Bill and Melinda Gates collaborate for global health impact

On 5th May 2015, the Bill & Melinda Gates Foundation held a 3-day Global Partners Forum in Seattle, Washington. The event brought together more than one thousand attendees and grant recipients to reflect on their collaborative efforts aimed at reducing poverty, inequity and suffering around the world….

May 15, 2015 - Last update: February 10, 2023

Global Forum PhotoOn 5th May 2015, the Bill & Melinda Gates Foundation held a 3-day Global Partners Forum in Seattle, Washington.
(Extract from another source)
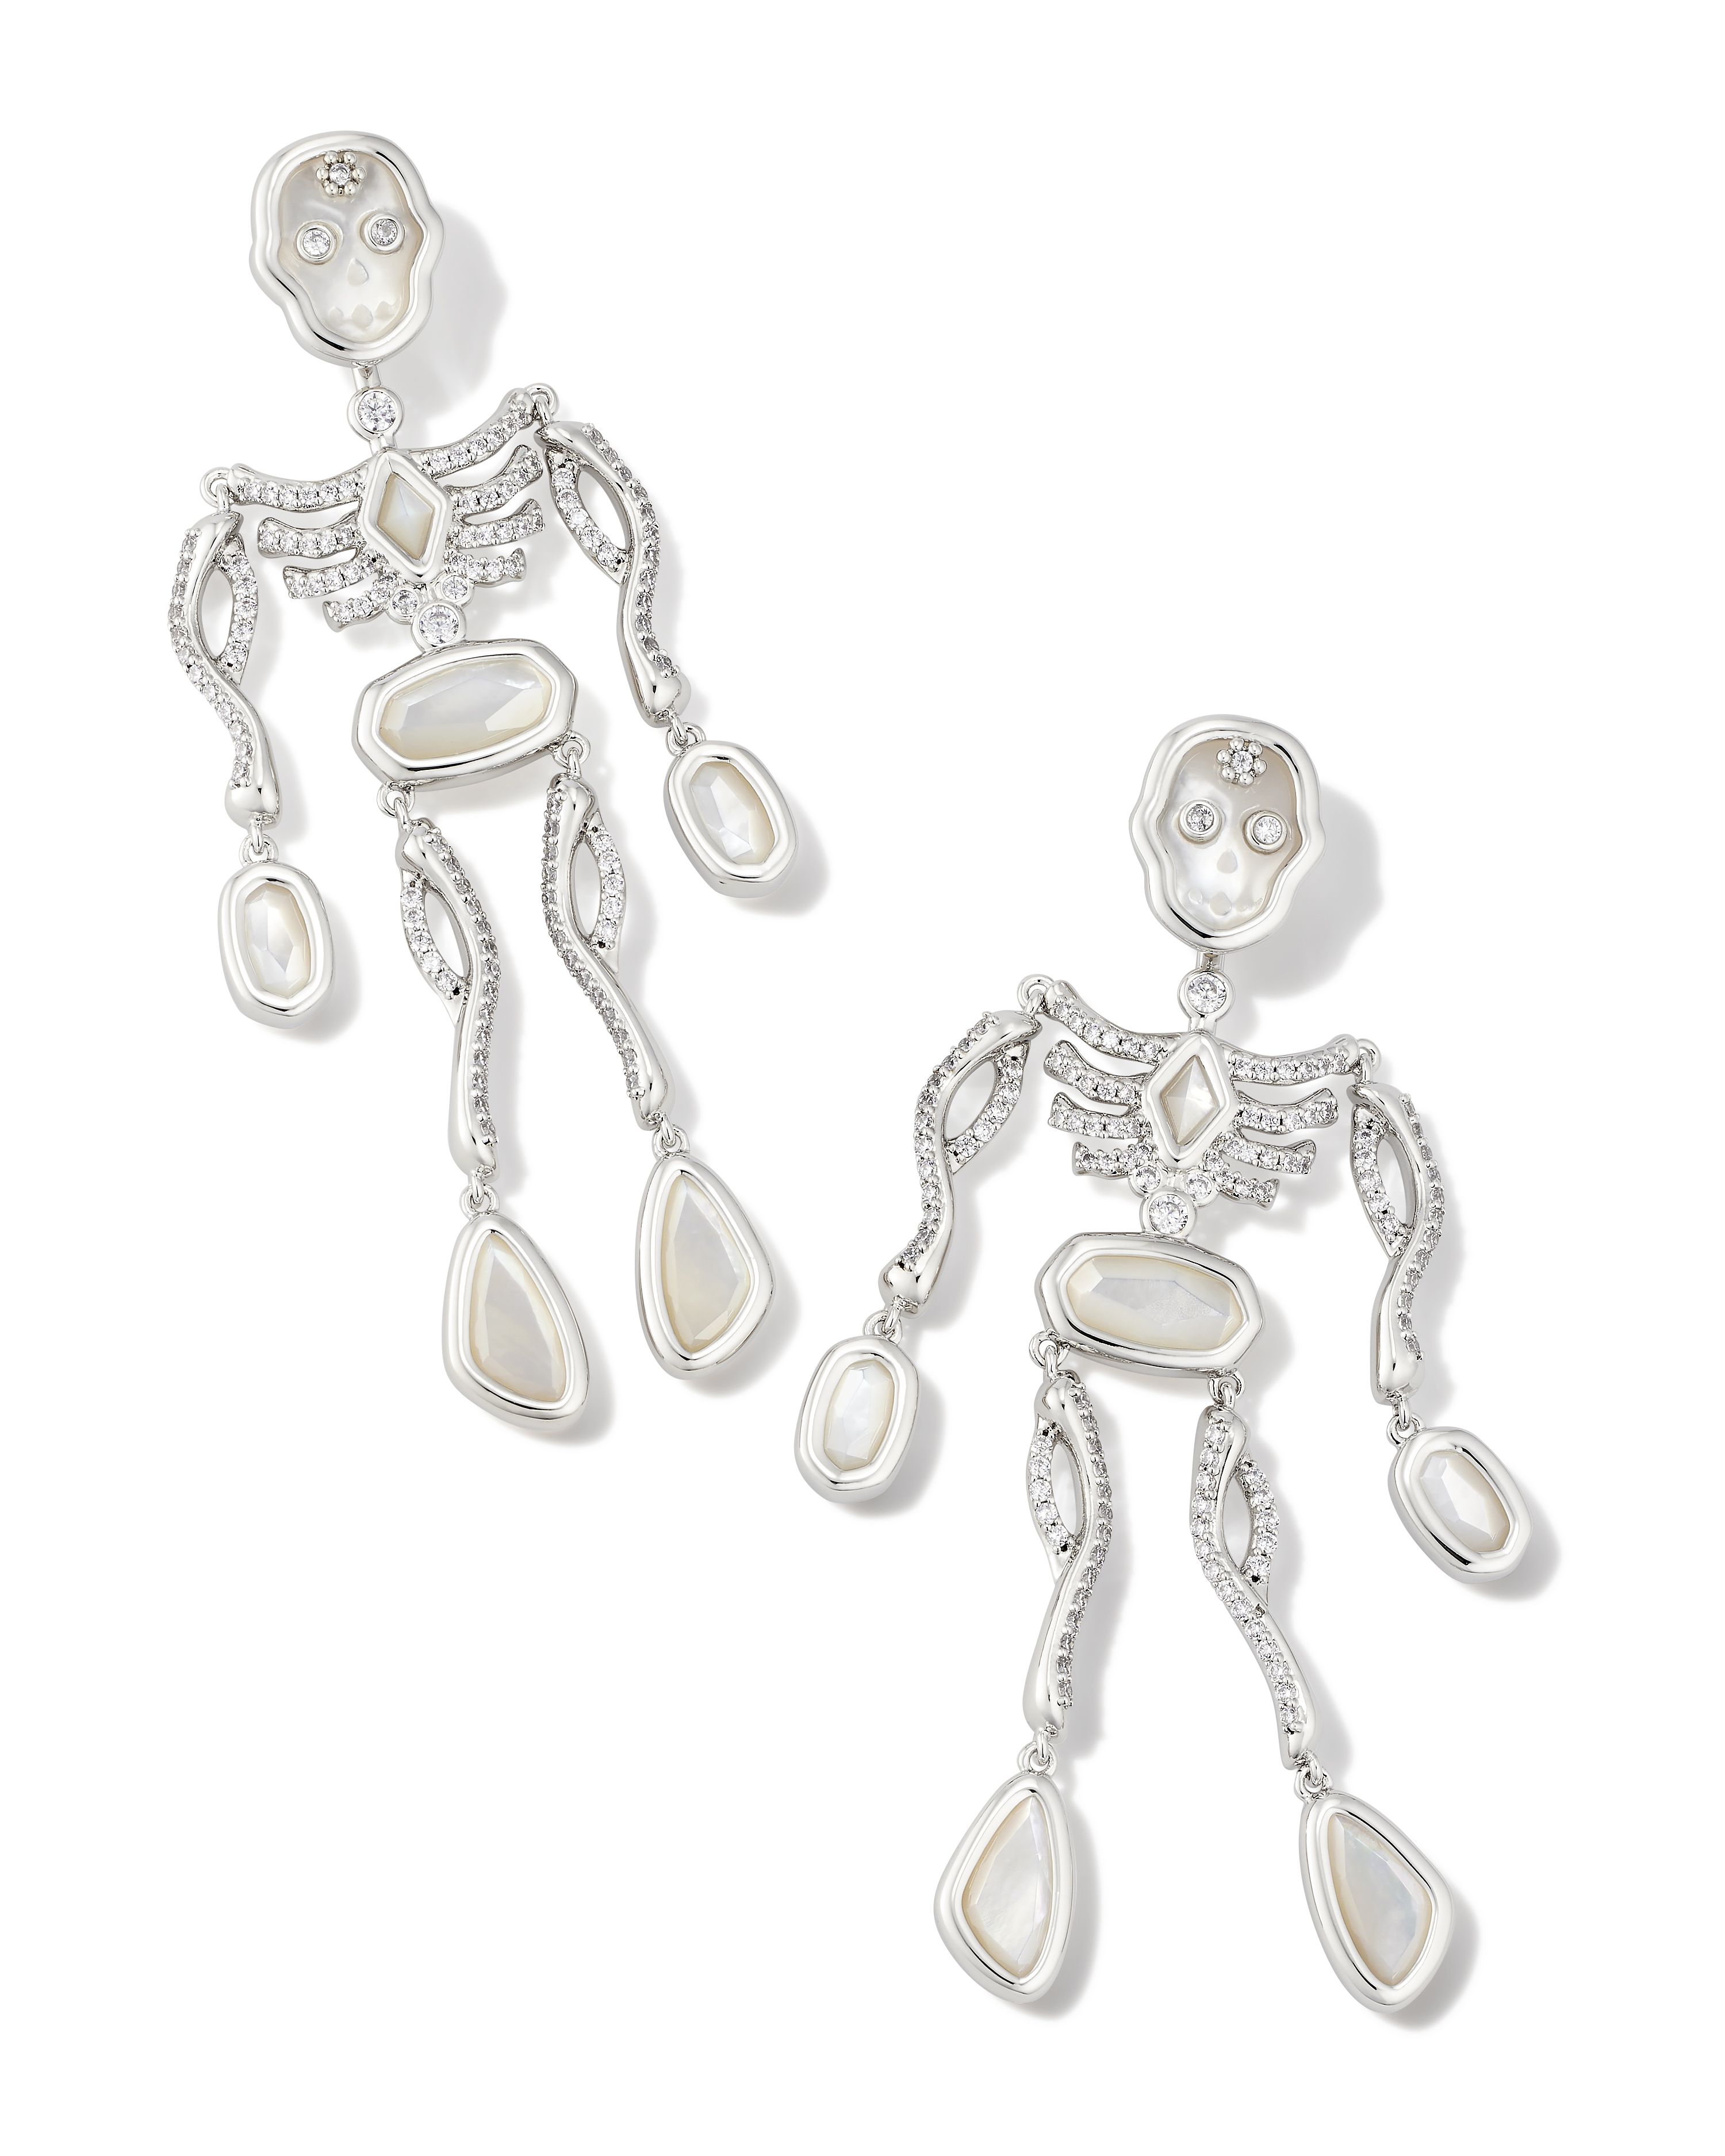 Skeleton Convertible Silver Statement Earrings in Ivory Mother-of-Pearl | Kendra Scott

The event brought together more than one thousand attendees and grant recipients to reflect on their collaborative efforts aimed at reducing poverty, inequity and suffering around the world.

The event was also a forum for the launch of a disease monitoring-and-response system across much of Africa and South Asia – the Child Health and Mortality Prevention Surveillance (CHAMPS) network. These sites will help gather better data, faster, about how, where and why children are getting sick and dying. This data will help the global health community get the right interventions to the right children in the right place to save lives. The network will also be invaluable in providing capacity and training in the event of an epidemic, such as Ebola or SARS. The Gates Foundation plans an initial commitment of up to $75 million on the effort.

Melinda Gates emphasized that adapting approaches to more complex problems that don’t appear to so easily lend themselves to a simple, targeted strategy – like reproductive health. She has especially made this, along with empowering women and girls, a key focus of their philanthropic work noting that childbirth is the second leading cause of death for adolescent or teenage girls.

Their Magic Wands: Tackling the stubbornly massive problem of child undernutrition and empowering women

In the wrap up on the final day, moderator Arun Rath of National Public Radio, asked what they would do right now if they had a magic wand and could solve one global health problem.

Bill said he would reduce child malnutrition. The problem of child undernutrition is stubbornly massive, he said, and won’t be as easy to tackle as some other challenges.

“What I would wish for is empowered women,” Melinda said. With a wand, she would make sure every woman has access to contraceptive methods and the freedom to use them as she sees fit. But more than that, she would magically ensure that women are no longer so abused and discriminated against. “Women’s empowerment plays into all the things we’re talking about.